INFORMATION SHOWN:
========================================

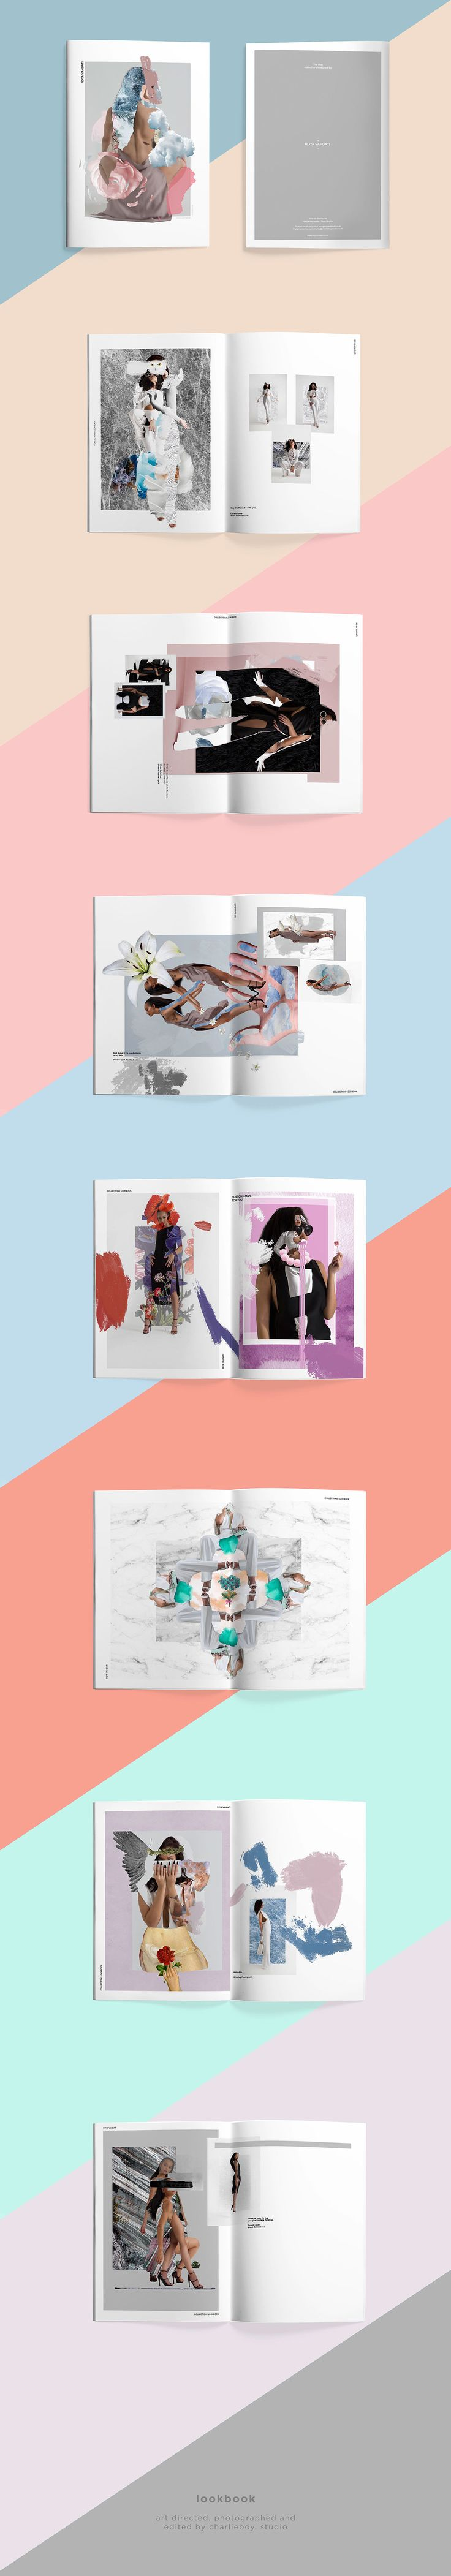 Roya Vahdati - Lookbook & Branding on Behance
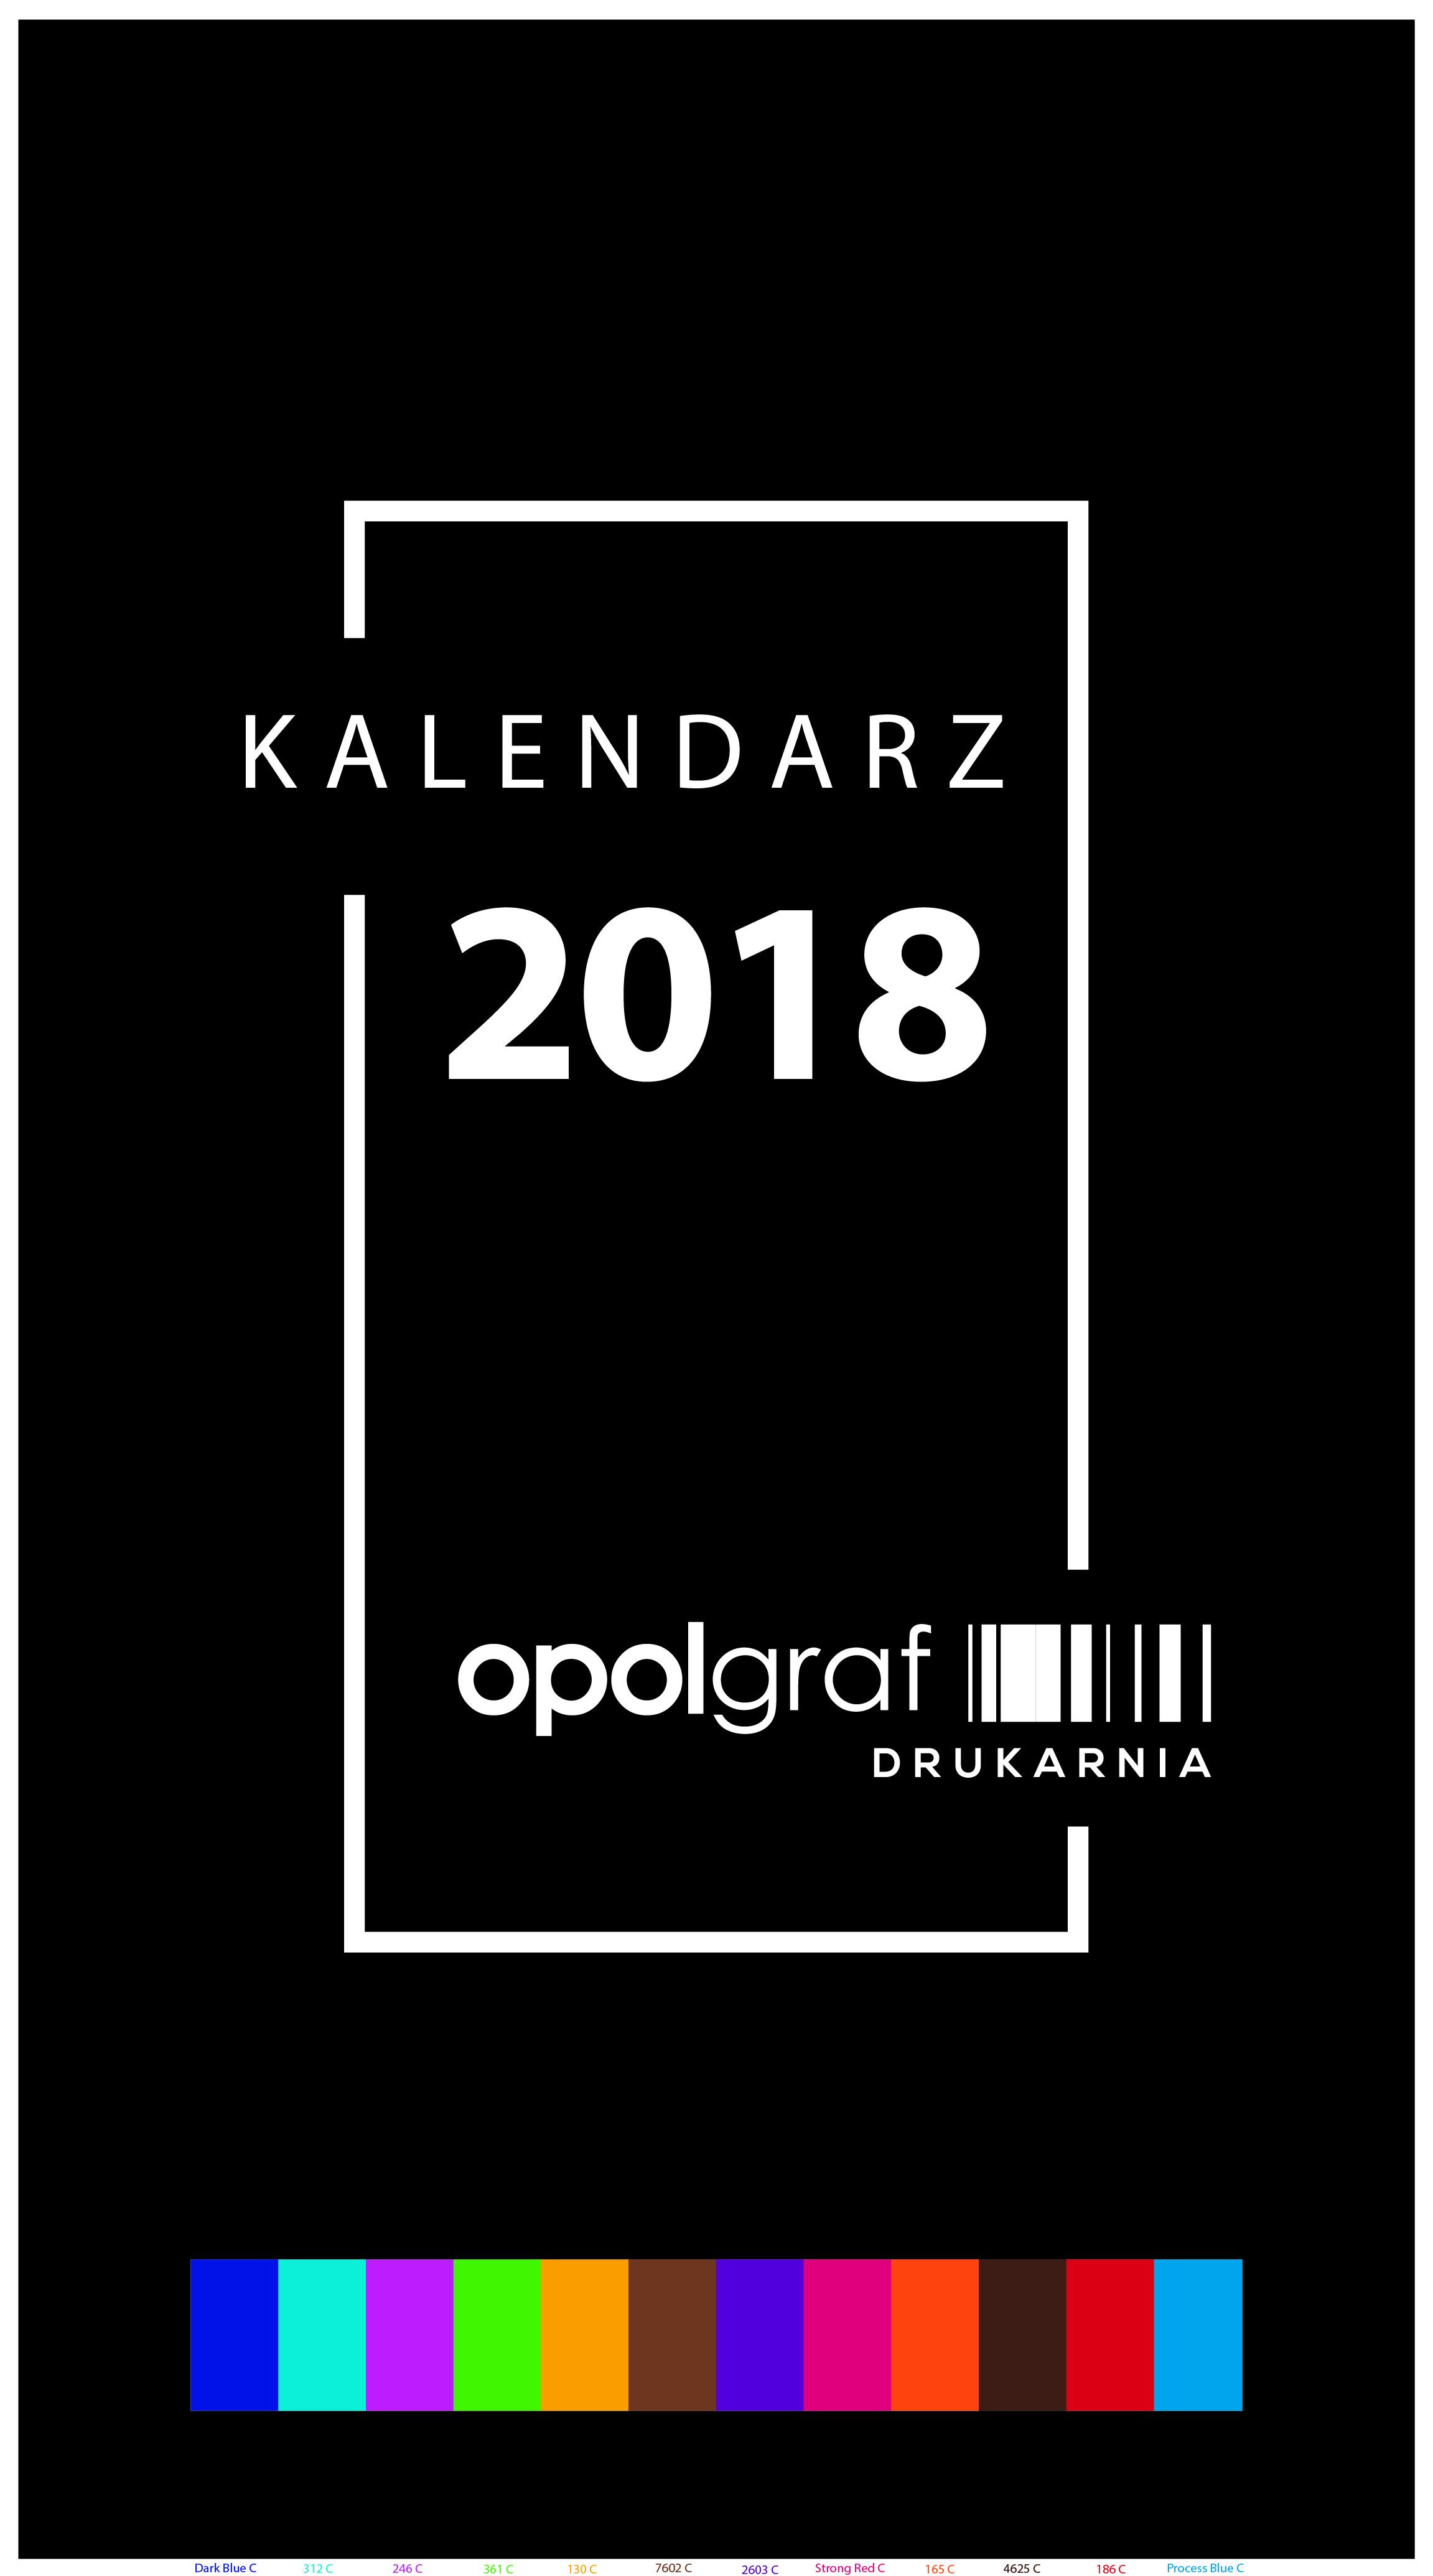 kalendarz-opolgraf-2018-pantone-350-x-660_okladka-przod
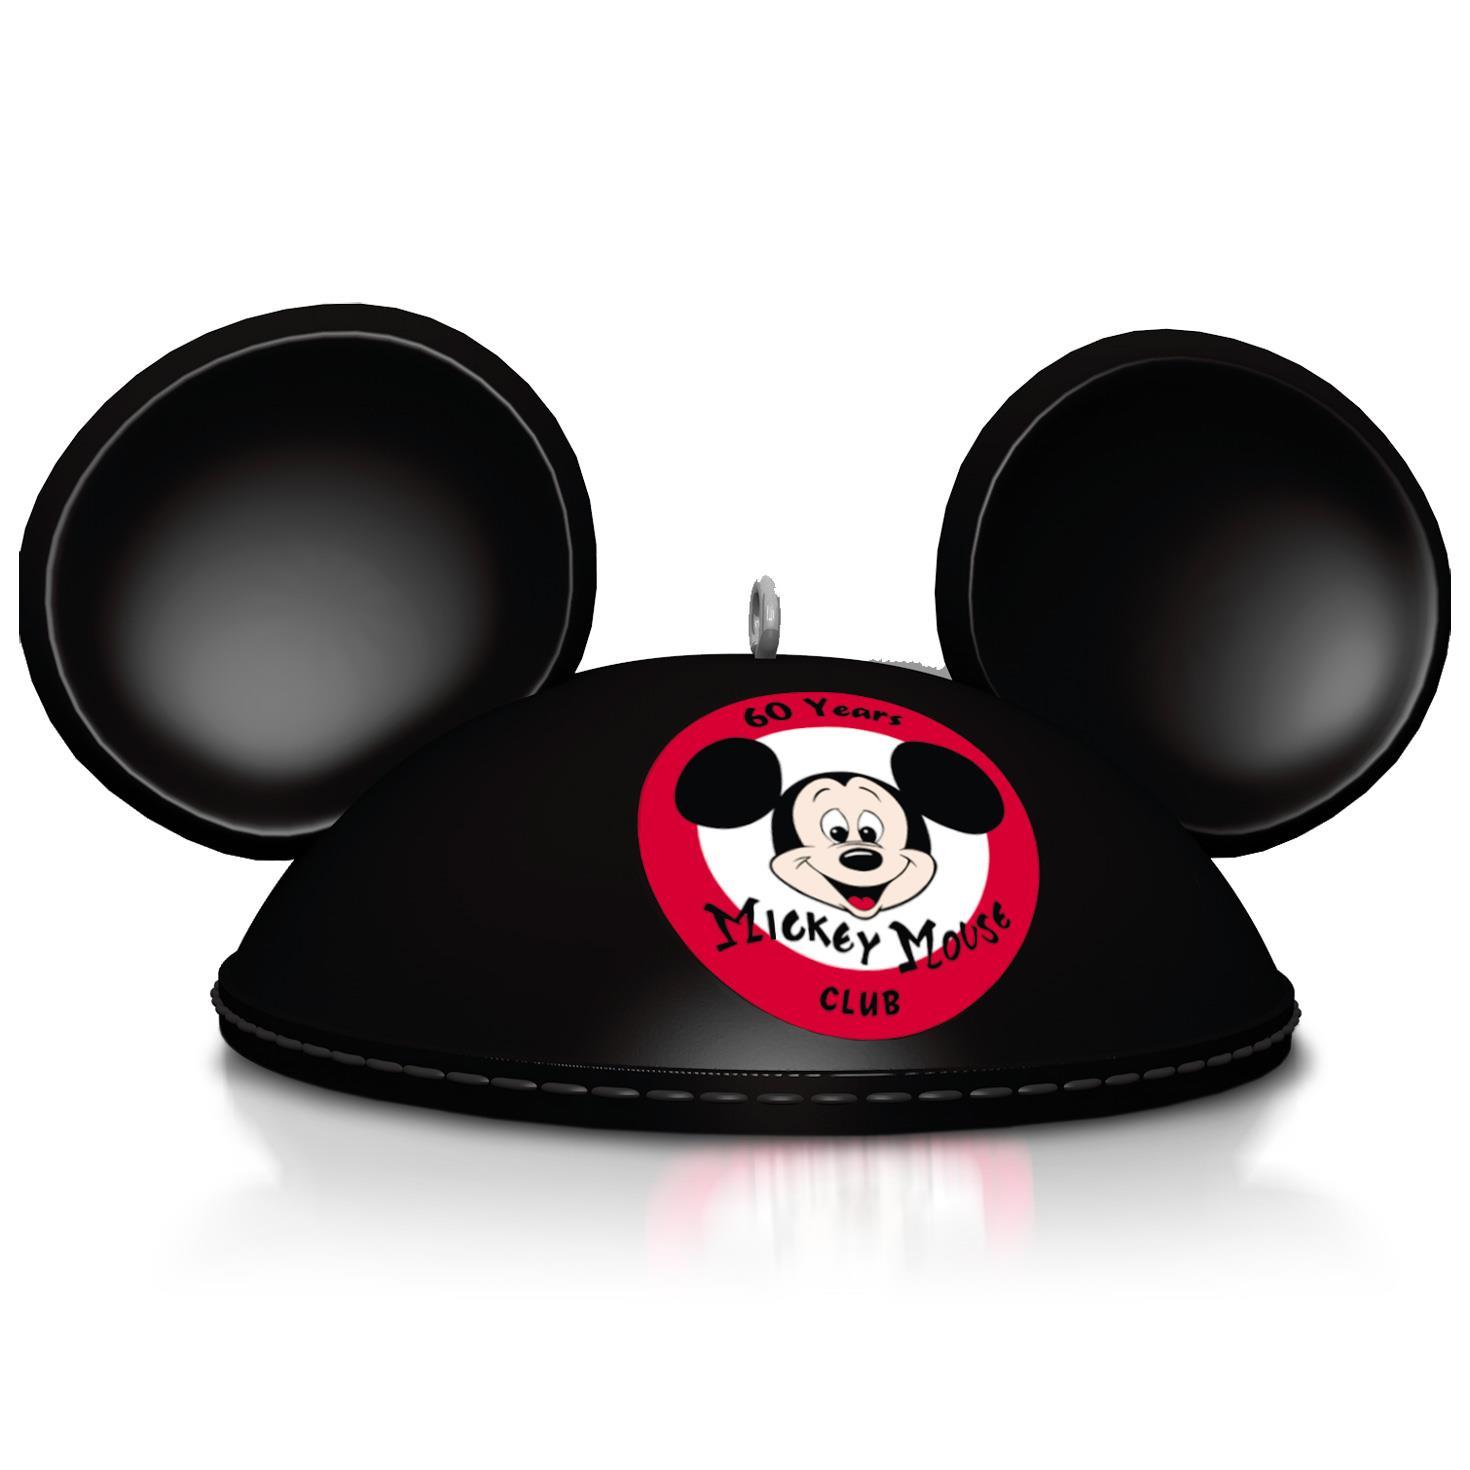 Disney The Mickey Mouse Club 60th Anniversary Ornament Keepsake 1470x1470

========================================

YOUR OBJECTIVE:
Would you mind transcribing the material exactly, without the pictures?

SOLUTION FOR THIS EXERCISE:
 Roya Vahdati - Lookbook & Branding on Behance
 kalendarz-opolgraf-2018-pantone-350-x-660_okladka-przod
 Disney The Mickey Mouse Club 60th Anniversary Ornament Keepsake 1470x1470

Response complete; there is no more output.